Firstly he's not being aggressive, he's being defensive. He's tiny and your hands are large and being where he is his fight or flight instinct means he had to stand his ground. Handling helps, and there are plenty of videos on how to pick the snake up from behind rather than approaching him head on. Normally once picked up they stop striking unless you wave your fingers around in front of him. If he does strike it's not going to hurt, he's tiny.

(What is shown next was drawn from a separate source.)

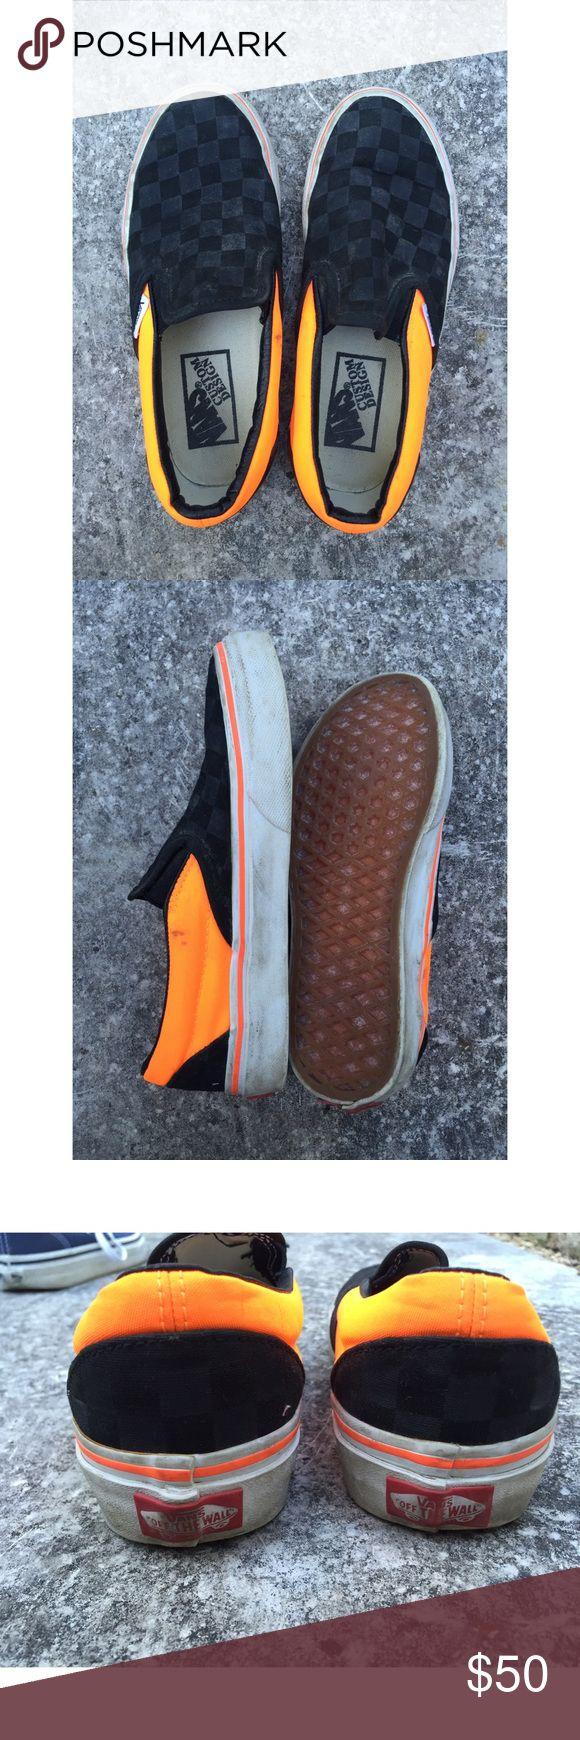 Painted Old Skool Black Vans Shoe Au
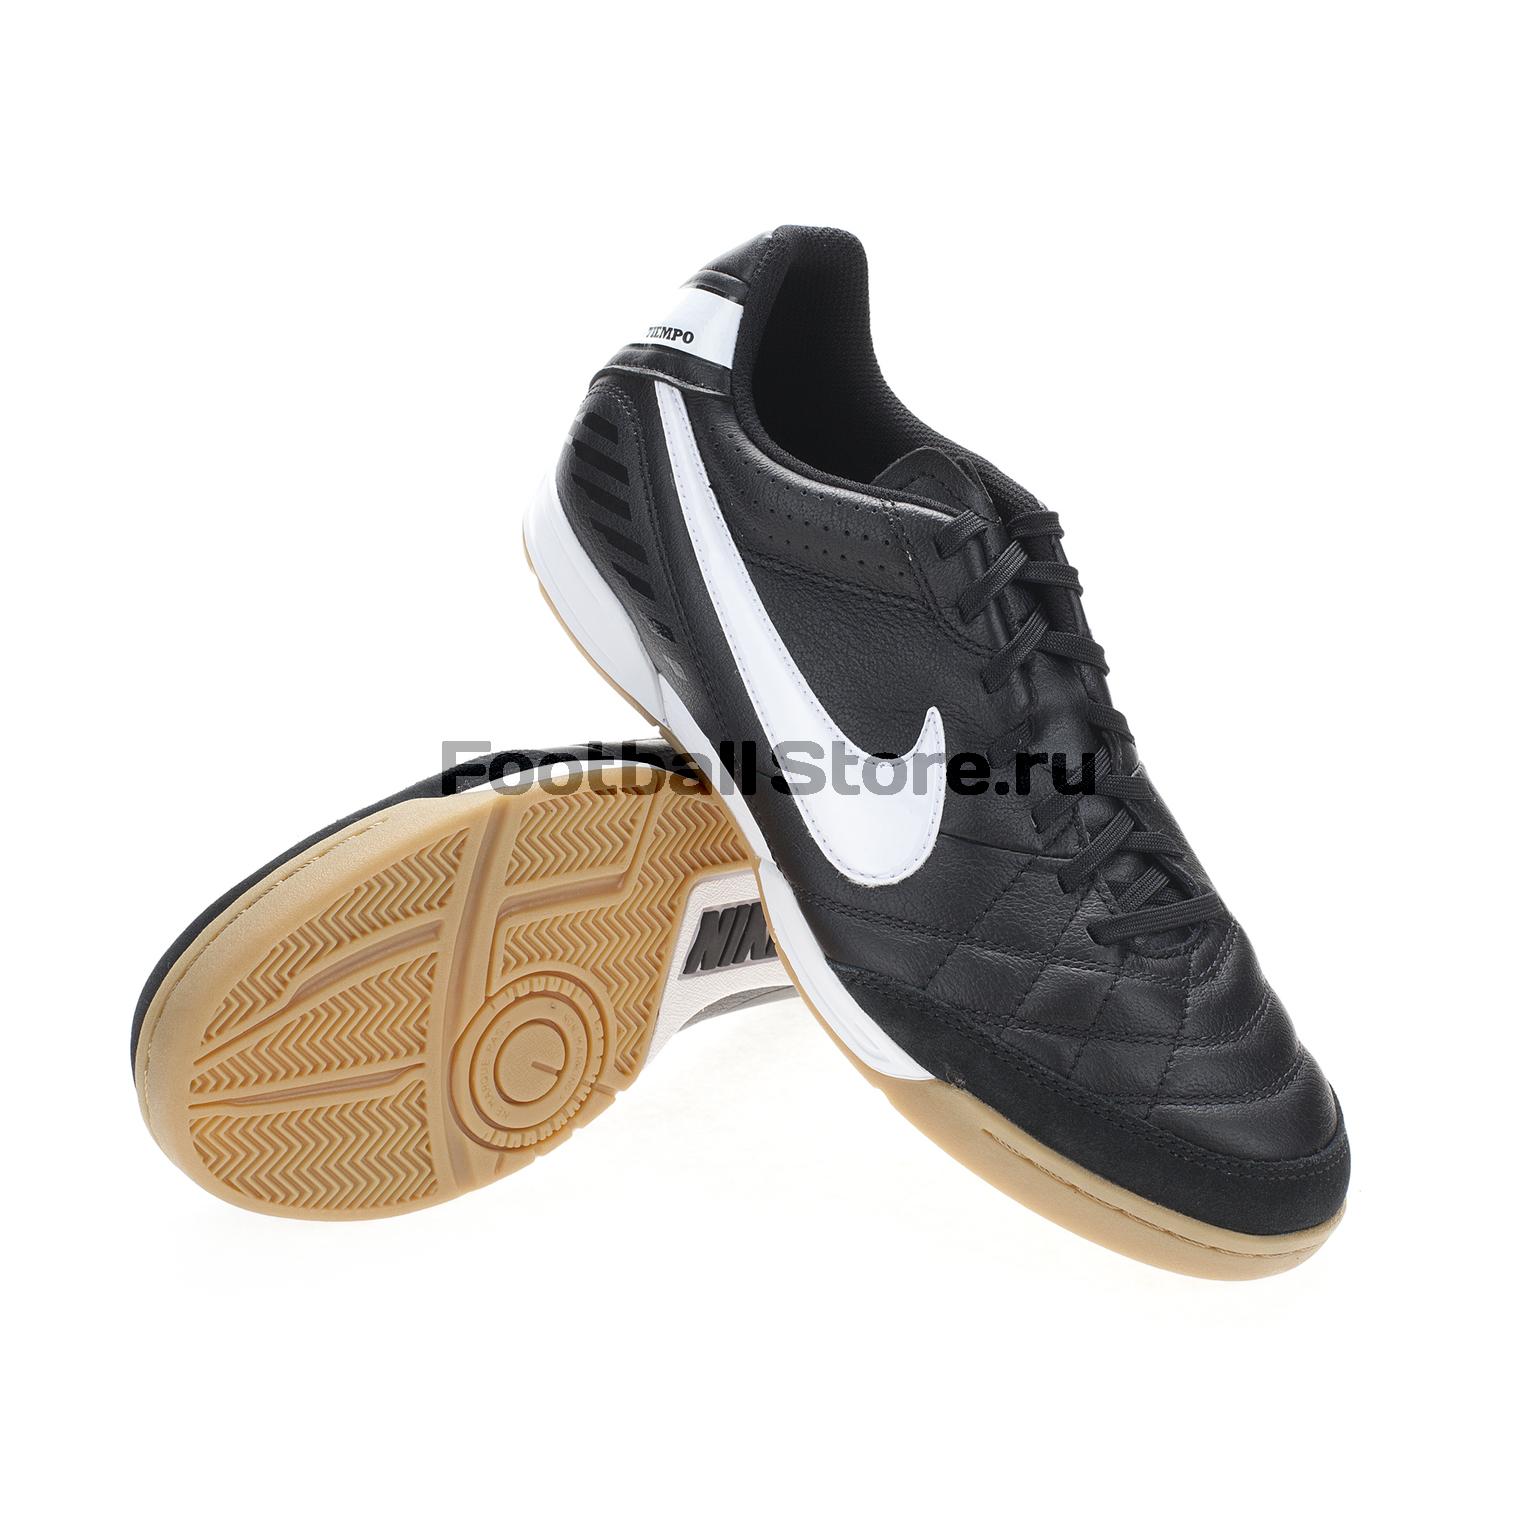 Обувь для зала Nike Обувь для зала Nike Tiempo Natural IV LTR IC 509090-012

To be honest, having a hatchling that has this reaction is better than having a shy and retiring snakes as it normally means the snake will also have a good feeding response.


----------



## Malc (Oct 27, 2009)

TheHouseofReptilez said:


> I have a friend who has a very defensive 7 year old royal that's been like that since it hatched *you get what you get with snakes they each have there own character and behaviours*.


This too.


----------



## Reptile girl123 (5 mo ago)

I apologize....I work with animals and aggressive is a more common term used so forgive me when I say aggressive tho I do agree.....in my opinion there is no such thing as an aggressive animal they are just scared.....I appreciate the tips....and he seems to be calming down......I also have a question... what is the best substrate that holds humidity....I am currently using reptile bark and I live in a very humid state but I want to make him q humidity box qnd I'm not sure what to use if anyone has any tips it would be appreciated


----------



## Malc (Oct 27, 2009)

Royals don't need excessive humidity, and too damp a substrate can lead to issues such as an RI or scale rot. If you already live in a humid location then there should be no need to increase it. The only time people increase humidity is for the few days after a snake has gone through the blue stage of a shedding cycle. Then they either spray water from an atomiser bottle or place a tub filled with damp sphagnum moss in the enclosure until the snake sheds.


----------



## TheHouseofReptilez (Sep 26, 2021)

I tend to keep my humidity around the 60 to 75% mark for my royal sometimes it goes up to 80% - 85% depending on the weather in the UK at the time his substrate is fairly dry mix of bark chips and coir I do lightly mist his enclosure after he comes out of the blue stage of shedding,

And as Malc said they don't need excessive humidity but short periods of high humidity isn't going to harm them,


----------



## Reptile girl123 (5 mo ago)

Malc said:


> Royals don't need excessive humidity, and too damp a substrate can lead to issues such as an RI or scale rot. If you already live in a humid location then there should be no need to increase it. The only time people increase humidity is for the few days after a snake has gone through the blue stage of a shedding cycle. Then they either spray water from an atomiser bottle or place a tub filled with damp sphagnum moss in the enclosure until the snake sheds.


Thank u so much


TheHouseofReptilez said:


> I tend to keep my humidity around the 60 to 75% mark for my royal sometimes it goes up to 80% - 85% depending on the weather in the UK at the time his substrate is fairly dry mix of bark chips and coir I do lightly mist his enclosure after he comes out of the blue stage of shedding,
> 
> And as Malc said they don't need excessive humidity but short periods of high humidity isn't going to harm them,


I have no way to check his humidity as to the fact I just got him but I keep a water dish for him to soak In his aquarium.....should I still mist?


----------



## TheHouseofReptilez (Sep 26, 2021)

Reptile girl123 said:


> I have no way to check his humidity as to the fact I just got him but I keep a water dish for him to soak In his aquarium.....should I still mist?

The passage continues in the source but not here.